*** DATA Section Begins ***

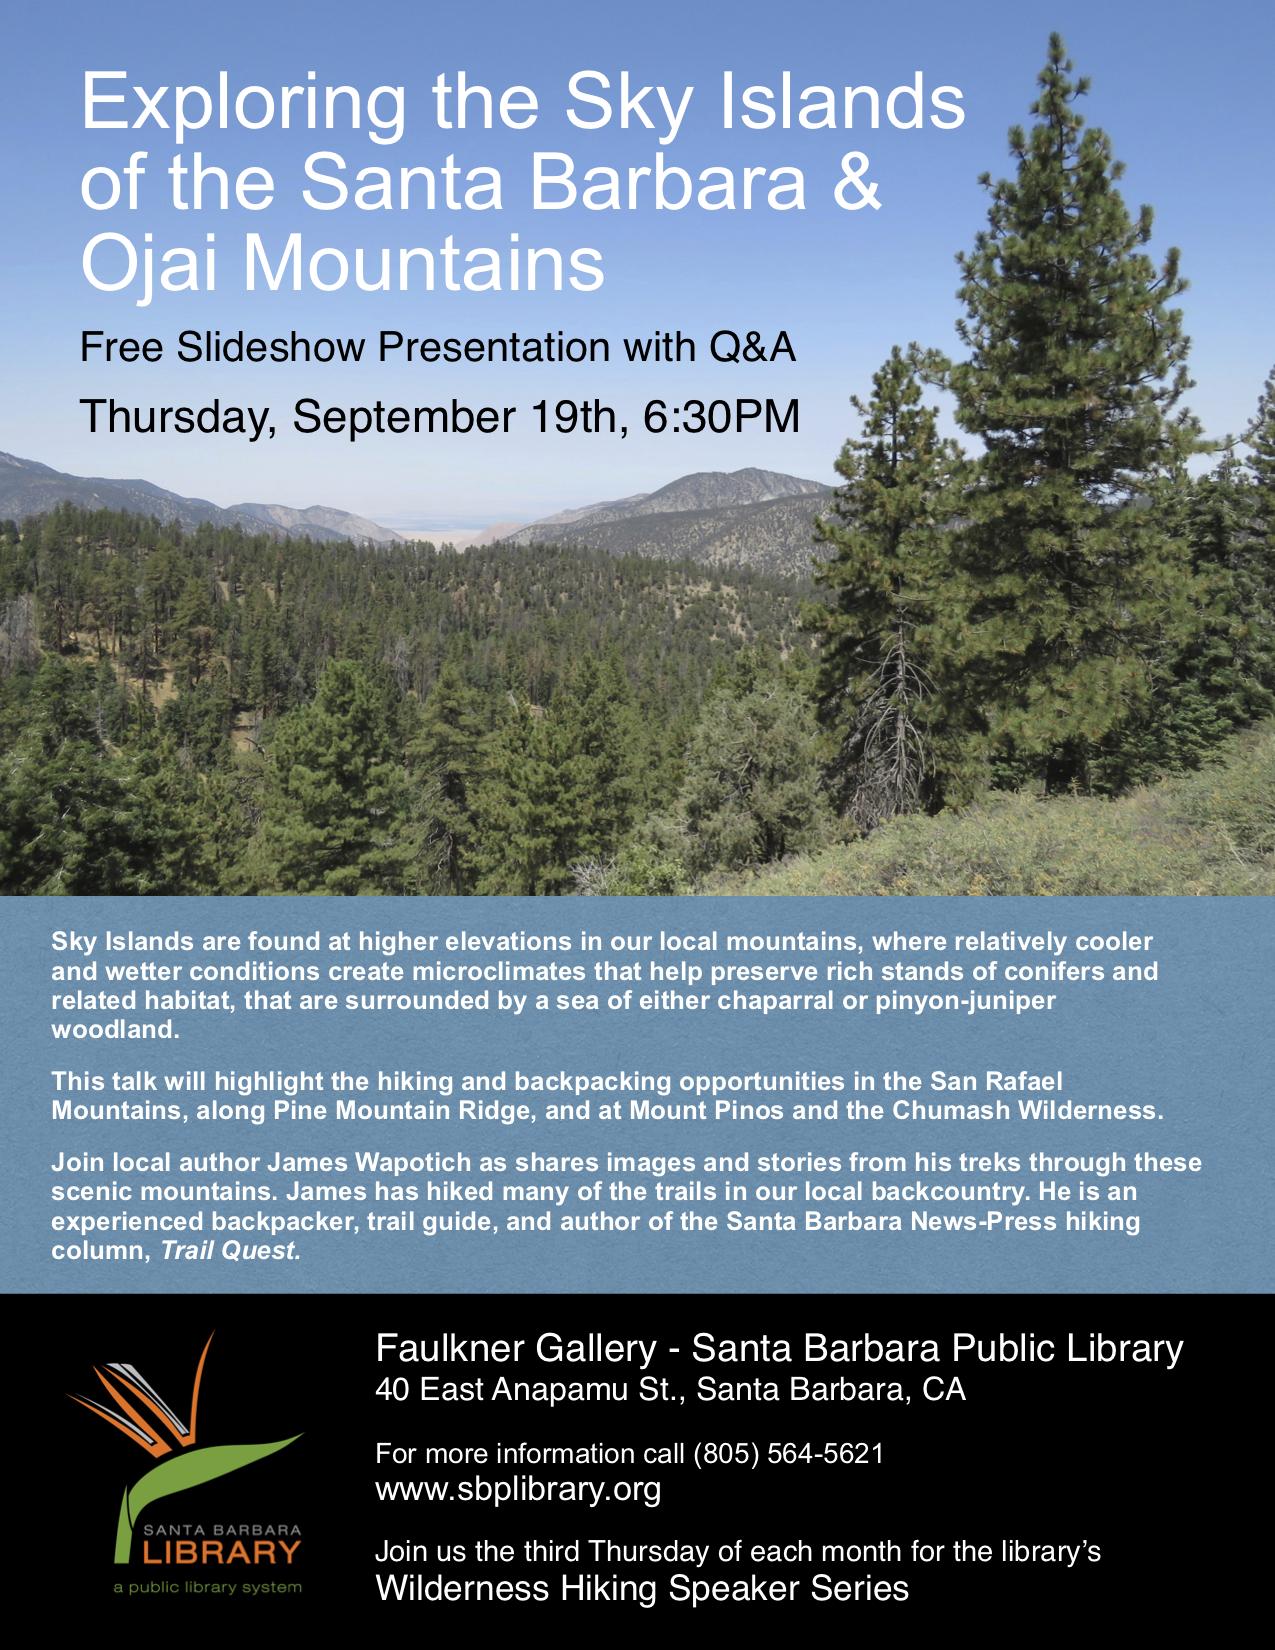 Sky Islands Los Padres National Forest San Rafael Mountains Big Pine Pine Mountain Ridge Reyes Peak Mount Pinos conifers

*** DATA Section Ends ***
*** DATA Section Begins ***

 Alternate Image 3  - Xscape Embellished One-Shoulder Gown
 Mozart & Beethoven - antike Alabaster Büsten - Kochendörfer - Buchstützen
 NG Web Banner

*** DATA Section Ends ***

**YOUR ASSIGNMENT**: Looking at the data above, return every line from the one with "Mozart & Beethoven" down to the one with "NG Web Banner", exactly and inclusively.

**ANSWER TO THIS EXERCISE**:
 Mozart & Beethoven - antike Alabaster Büsten - Kochendörfer - Buchstützen
 NG Web Banner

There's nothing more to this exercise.